Merely seeing things with more compassion will make a significant difference in the way you view the world. Doing so will allow you to relax a bit and not always feel the need to be in total control of everything.

Try and understand that other people may be coming from different situations or different circumstances than you and therefore, might have different opinions and take different actions of how to go about things. Remember it’s more of a mindset than a behavioral concern.

Realize You Have Control Issues

The first thing you need to do if you want to change your behavior is to recognize that you have a problem. It’s probably the hardest part of changing, but it’s necessary. Now, once you have admitted to yourself that you have control issues, it’s time to put the change into action.

If you finally admit you have a problem with being too controlling but still don’t take action in real-life situations to improve, you’ll be stuck in the same rut. You can admit to the whole world that you’re too controlling, but if you don’t put actions to your words, nothing will improve.

Often people who are too controlling try to micromanage every situation. Whether it’s in the workplace or at home, this creates a significant problem. In regards to the workplace, micromanaging undermines other employees or subordinates and usually creates extra work for all.

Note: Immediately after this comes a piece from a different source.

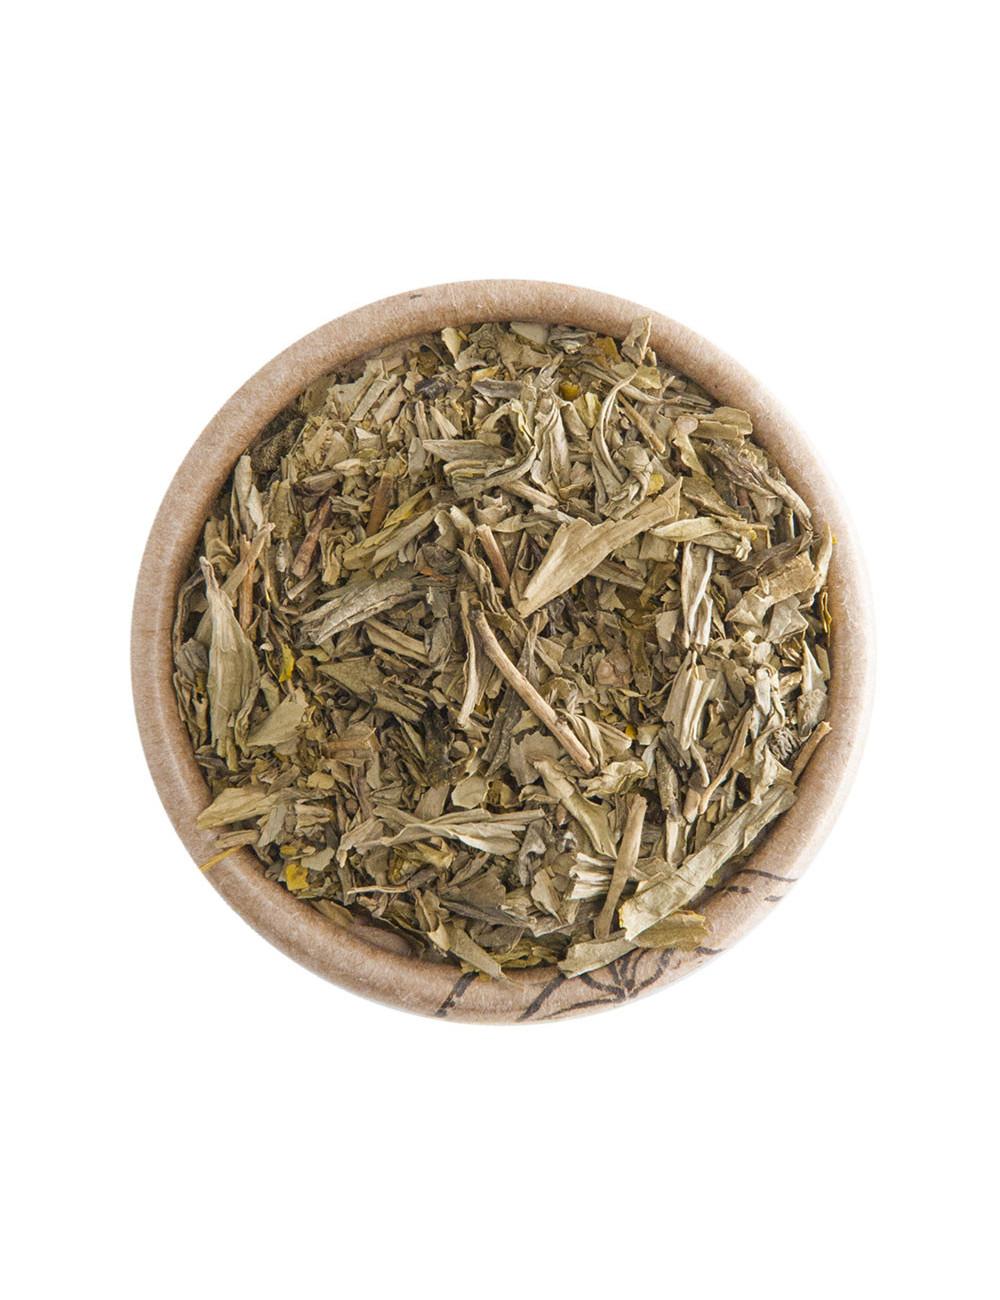 Deteinato BIO tè verde - La Pianta del Tè shop online
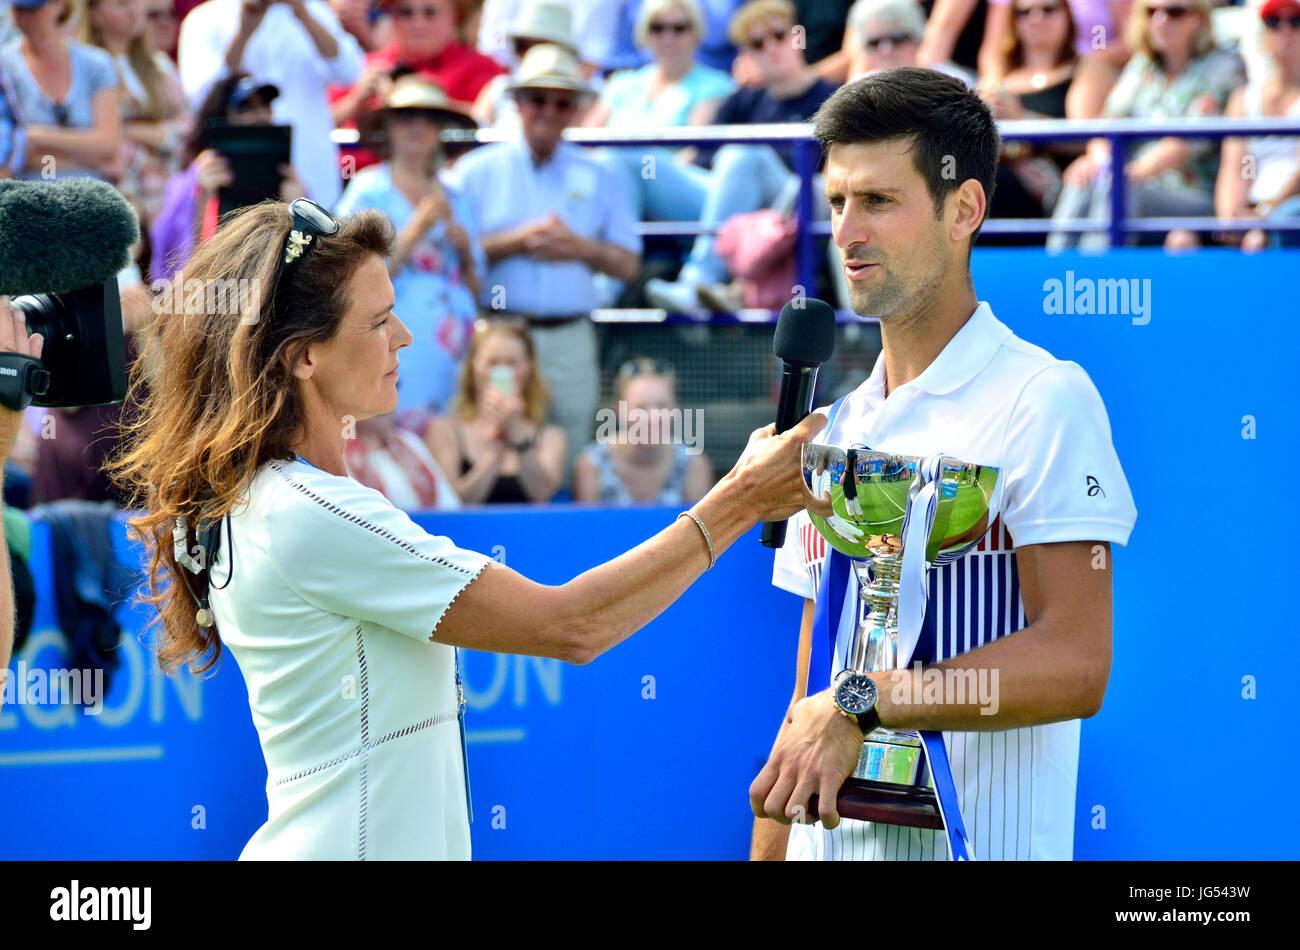 Novak Djokovic (Serbia) interviewed for Eurosport TV by Annabel Croft after winning the final of the Aegon International - Stock Image

It also decreases the quality of the work being done because everyone starts second-guessing themselves and loses confidence in their ability. In your home environment, it will no doubt cause problems as well.

Maybe you always want your spouse to do something your way. Perhaps it’s the way they clean or fold the clothes that you can’t keep quiet about. Eventually, your spouse won’t want to do these tasks or become riddled with anxiety while they’re doing it. That will add a great deal of strain on your relationship and can eventually be debilitating.

Your spouse may become distant and standoffish. Or, they may lash back at you and start arguments over nothing, and you’ll think it’s all their fault, but in reality, it’s yours. You created the problem.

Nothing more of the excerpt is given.